The laboratory of Dr. James Wells explores the molecular basis for programmed cell death (Rettenmaier et al., Proc Natl Acad Sci USA, 2014; Wells et al., Science, 2014). In dissecting programmed pathways, he has defined several crucial components leading to cell death, including the roles of chemical fibrils and small-molecule peptide docking motifs (Julien et al., Nat Chem Biol, 2014).

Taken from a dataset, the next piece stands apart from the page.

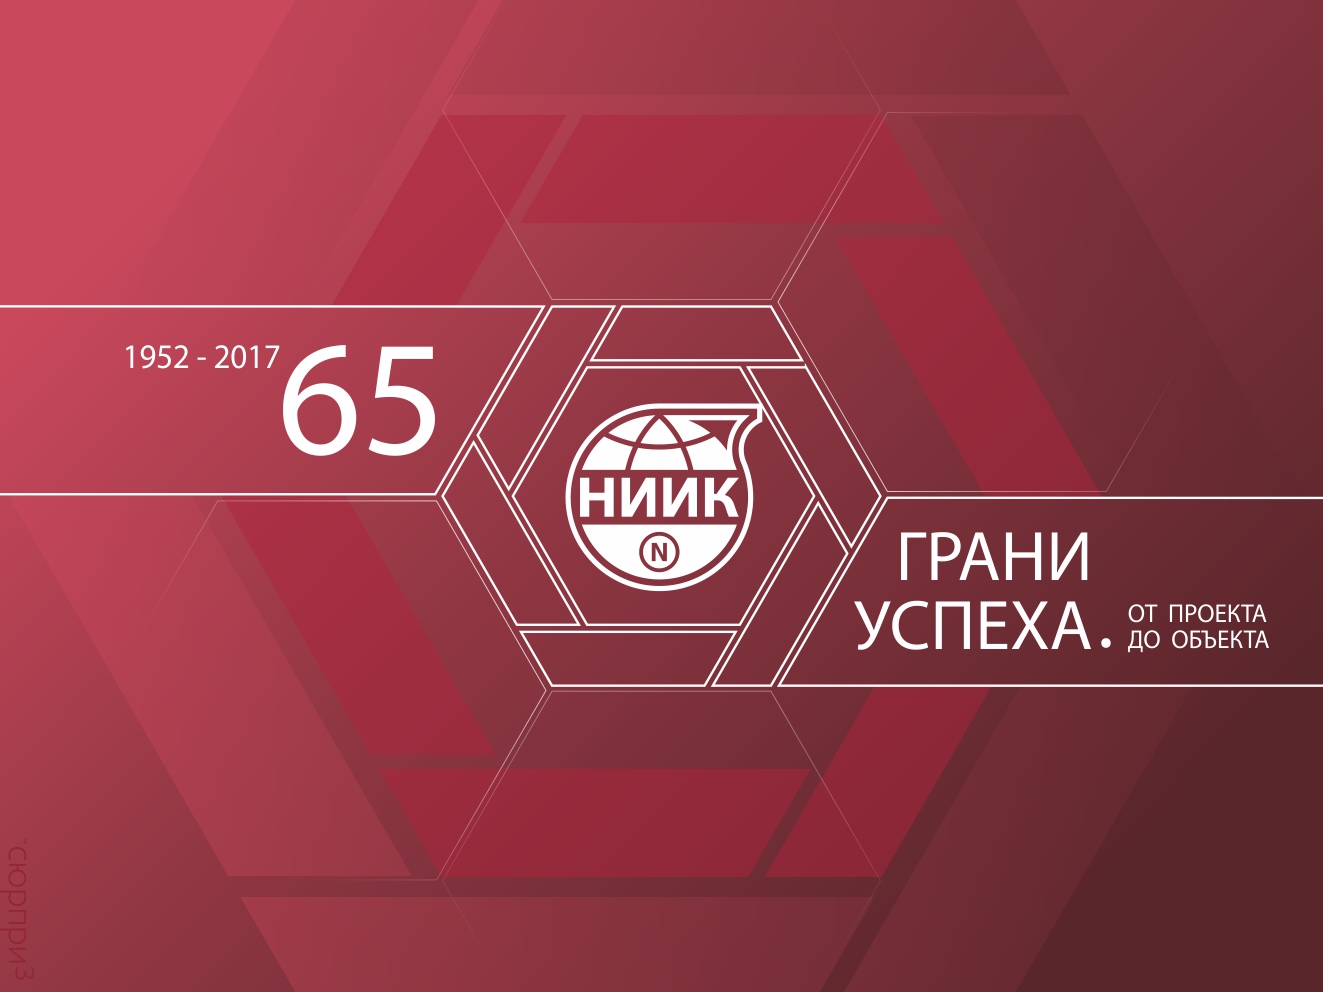 31 октября 2017 года ОАО «НИИК» исполняется 65 лет

Dr. Mark Moasser’s work on the role of HER3 in cell death, tumor perfusion, and drug resistance has been explored in three clinical trials testing a monoclonal antibody against HER3, high doses of lapatinib, and a highly potent HER2 / HER3 inhibitor. This trial is a collaboration between the Developmental Therapeutics and Breast Oncology Programs and has been presented over the past year (Chien et al., J Clin Oncol, 2014). Dr. Ajay Jain continues to make significant advances in computational drug discovery using high-throughput computational screening for the discovery of promising small molecules for modulation of specific biological targets. His work allows for better prediction of off-target effects of drugs using data fusion evaluation (Yera et al., Pac Symp Biocomput, 2014).

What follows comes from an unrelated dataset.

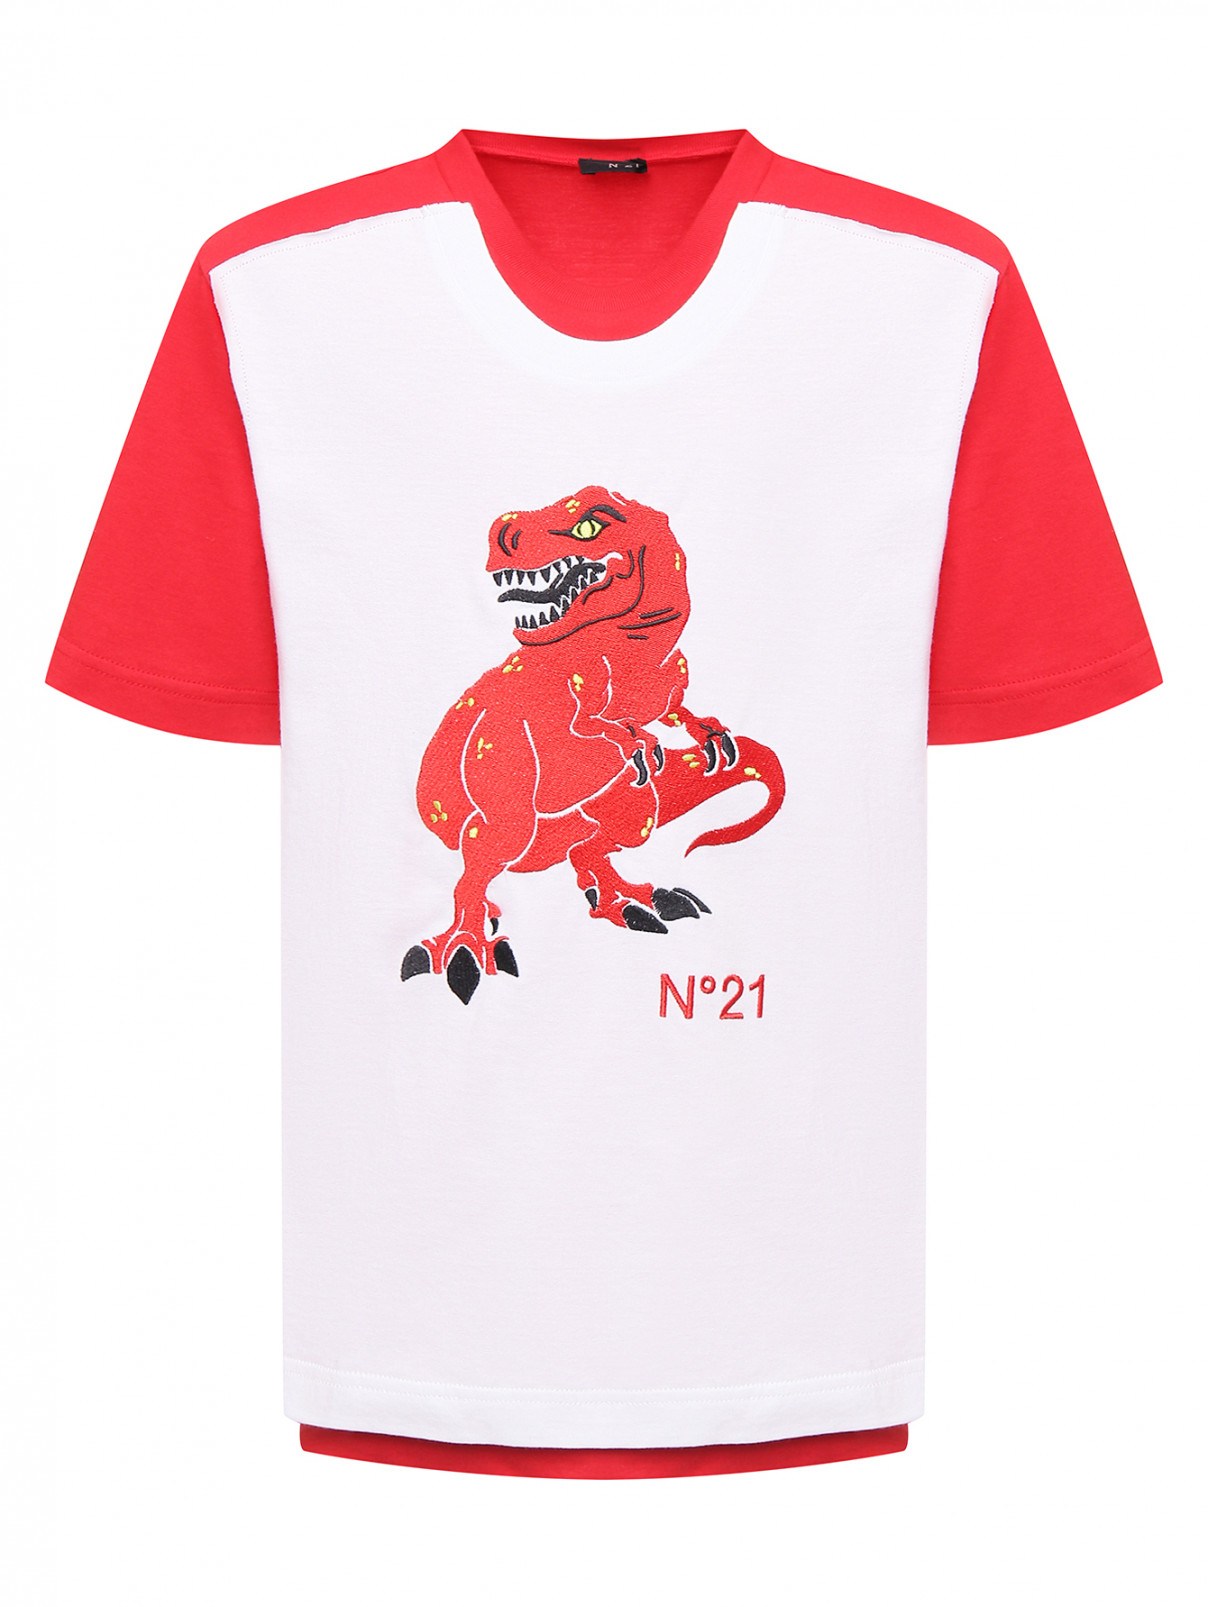 Хлопковая футболка с вышивкой N21  –  Общий вид  – Цвет:  Красный

Drs. Neil Shah and Kevan Shokat collaborated and reported a novel chemical strategy for treating Acute Myeloid Leukemia (AML): they selectively inhibited FLT3 while avoiding KIT inhibition using the staurosporine analog, Star-27. Star-27 maintains potency against FLT3 in proliferation assays of FLT3-transformed cells compared to KIT-transformed cells, shows no toxicity towards normal human hematopoiesis at concentrations that inhibit primary FLT3-mutant AML blast growth, and is active against mutations that confer resistance to clinical inhibitors (Warkentin et al., Elife, 2014). In further studies, Drs. Charlie Craik and Shah developed plasmon ruler nanosensors to monitor apoptosis in leukemias (Tajon et al., ACS Nano, 2014).
Dr. Frank Szoka’s lab continues to use novel approaches to devise vaccine, drug, and nucleic acid delivery systems to treat cancer. In a recent study, the group showed that fusion of a short immunoglobulin-binding peptides to recombinant proteins can substantially prolong their half lives (Sockolosky et al., PLoS One, 2014). In collaboration with the thoracic oncology group, Dr. David Jablons has identified recurrent FGFR3-TACC3 fusion oncogenes in lung adenocarcinoma (Capelletti et al., Clin Cancer Res, 2014).
A collaboration between the Developmental Therapeutics and Hematological Malignancies Programs (Martin, Rubenstein, and Munster) has shown that CD38 inhibition in myeloma is a valuable target (presented at ASH 2014). Dr. Rubenstein has shown that intrathecal administration of rituximab is effective in CNS lymphomas via Complement activation (Kadoch et al., Clin Cancer Res, 2014).
Major findings from Dr. Deanna Kroetz’s laboratory in breast cancer pharmacogenomic studies include the identification of additional candidate genes and pathways as predictors of taxane-induced peripheral neuropathy. The collaboration with CALGB revealed that inheritance of paclitaxel-induced sensory peripheral neuropathy is driven by axon outgrowth gene sets (Chhibber et al., Pharmacogenomics J, 2014).